Skills and knowledge from experts based at Exeter Science Park have supported councils across the UK to grow and nurture trees as part of meeting their environmental targets.
Councils and other organisations across the country have pledged to plant thousands of trees, but research has revealed that as many as 70% of the trees planted will go on to die and need to be replaced within a decade.
The tree establishment and care workshop was organised by Exeter Science Park-based Treeconomics, a UK-based consultancy which works internationally with community groups, research organisations, public bodies, municipalities and private business to complete projects which highlight the value of trees. It was attended by local authorities and non government organisations.
Nadine Moreby, from Treeconomics, said: “The workshop addressed a timely and pressing topic; how to plant trees that will survive to maturity. It is a sad fact that so many trees are dying in infancy and many street trees have to be replaced within 10 years of planting.
“This can be largely attributed to poor planning and poor maintenance, and the trend toward ‘planting by numbers’ has largely exacerbated this. The Exeter workshop aimed to address this topic, and equip tree managers with the knowledge and skills to help the trees they manage thrive and reach their full potential.”
The event was co-hosted by Treeconomics, GreenBlue Urban and Barcham Trees.
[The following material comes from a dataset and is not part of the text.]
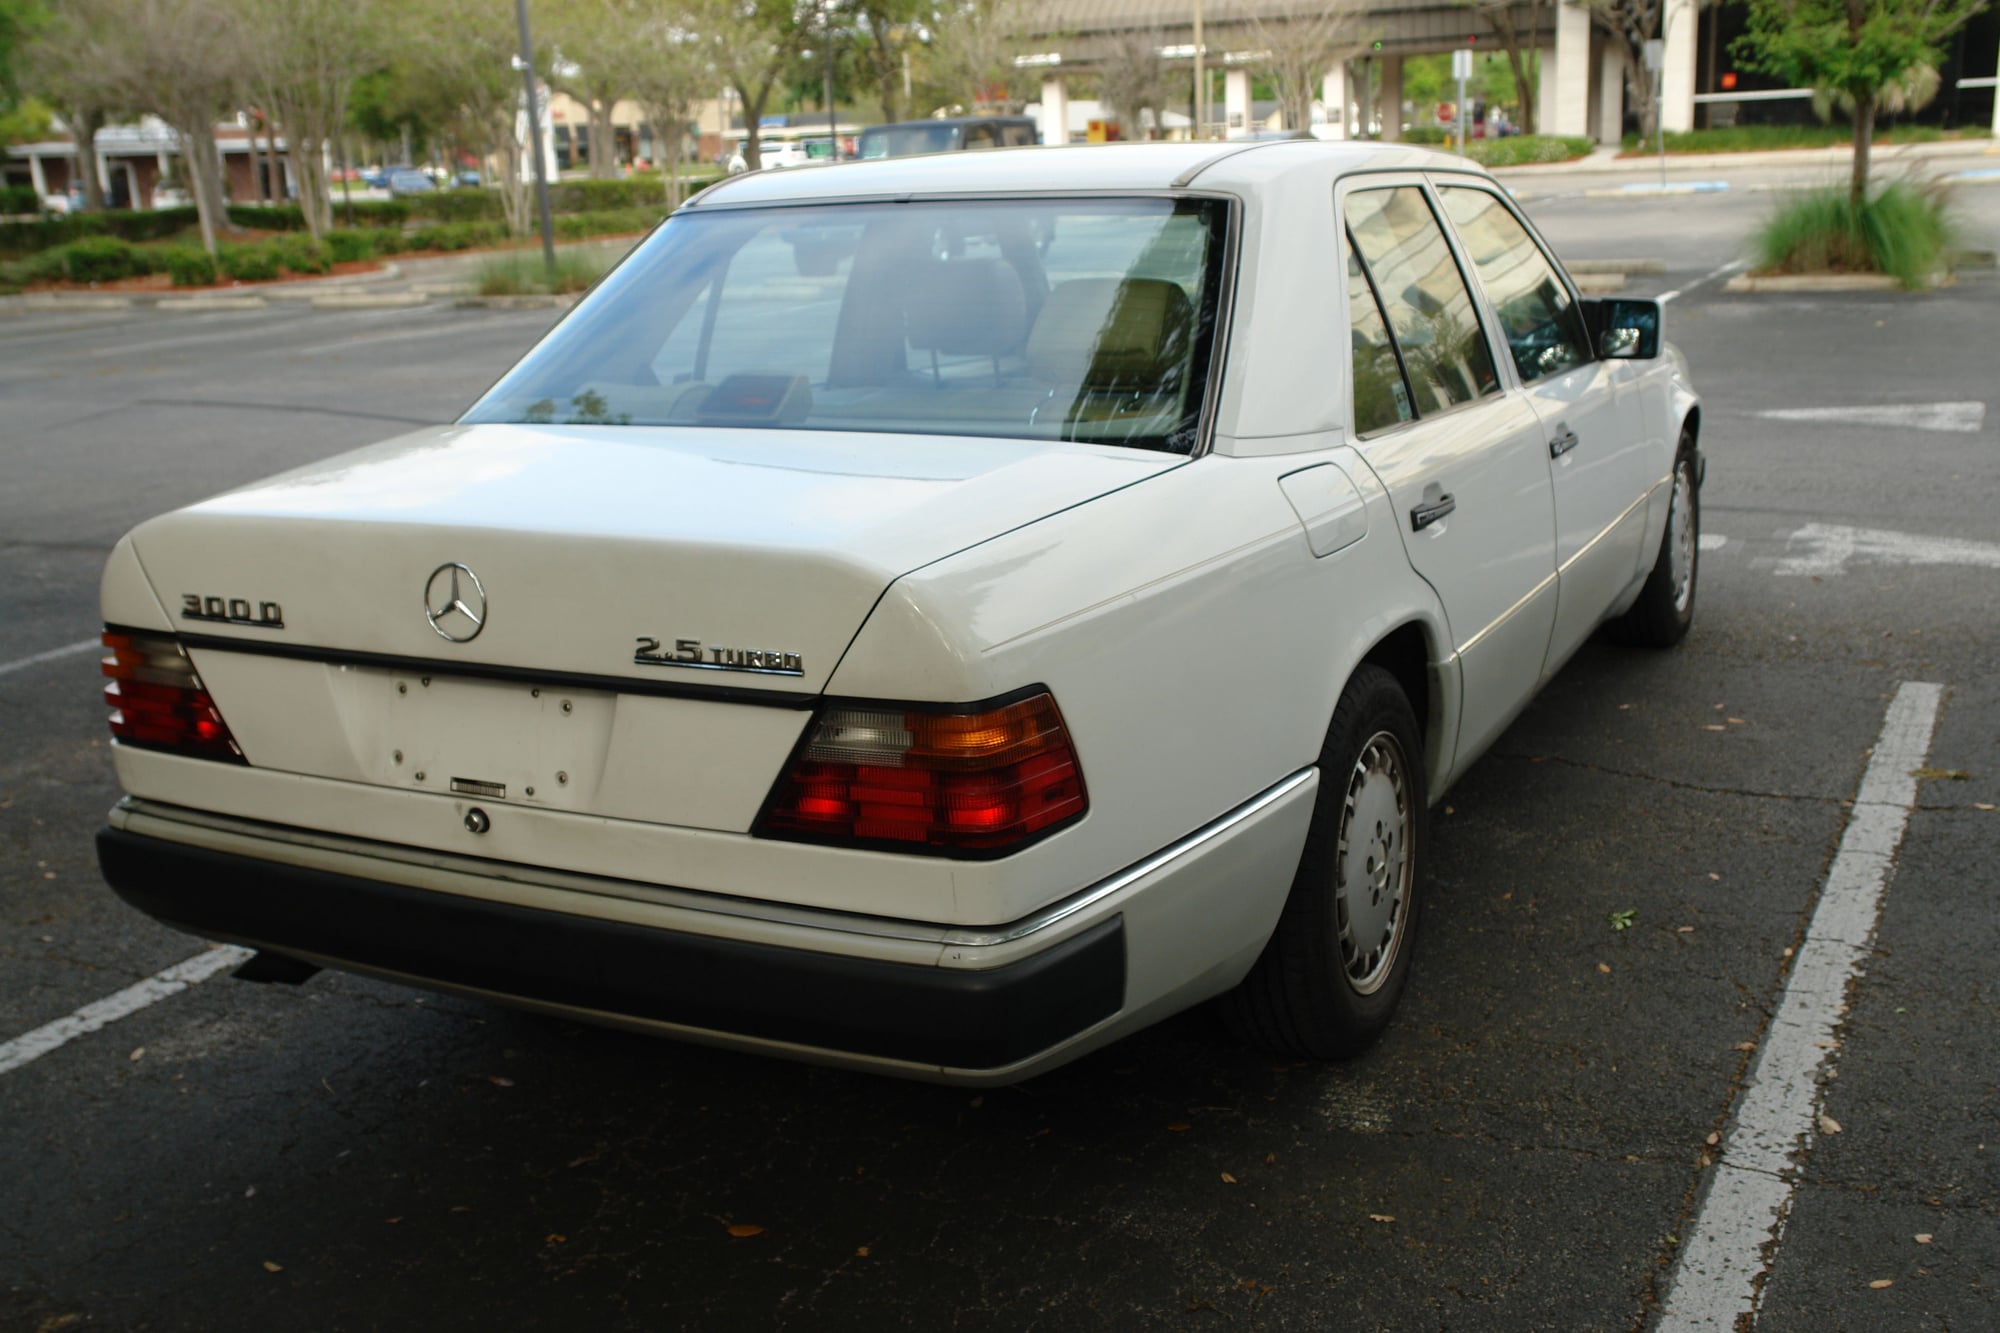 1991 Mercedes-Benz 300D - 91 Mercedes 300D Low Miles No Reserve eBay Auction - Used - VIN WDBEB28D5MB411065 - 168,544 Miles - 5 cyl - 2WD - Automatic - Sedan - White - St Petersburg, FL 33701, United States

Topics covered included site selection (where to plant), tree selection and specification (what to plant), and correct installation of engineered tree pits (how to plant).
As well as being taken through informative presentations, participants also witnessed an outdoor examination of both well-planted and poorly-planted trees, on-site at Exeter Science Park. One particular tree, excavated for this event, had failed to thrive because it was originally supplied with a poor root system. The issue of how to correctly specify in order to avoid this challenge, was addressed in the presentation given by Barcham Trees, on how to successfully procure nursery trees. Another excavated tree had failed to survive because it was planted too deeply and the irrigation system was incorrectly installed.
“We’re thrilled to have had such a great turnout for this workshop,” said Nadine from Treeconomics. “It’s encouraging to see so many professionals in the field come together to learn about best practice in tree planting and care. We hope that the knowledge from this workshop will assist in the creation of more sustainable and resilient treescapes.”
The workshop was a success, with positive feedback from attendees, who appreciated the opportunity to network and learn from experts in the field. The organisers plan to hold similar workshops in the future, to continue to promote best practice in tree planting and care.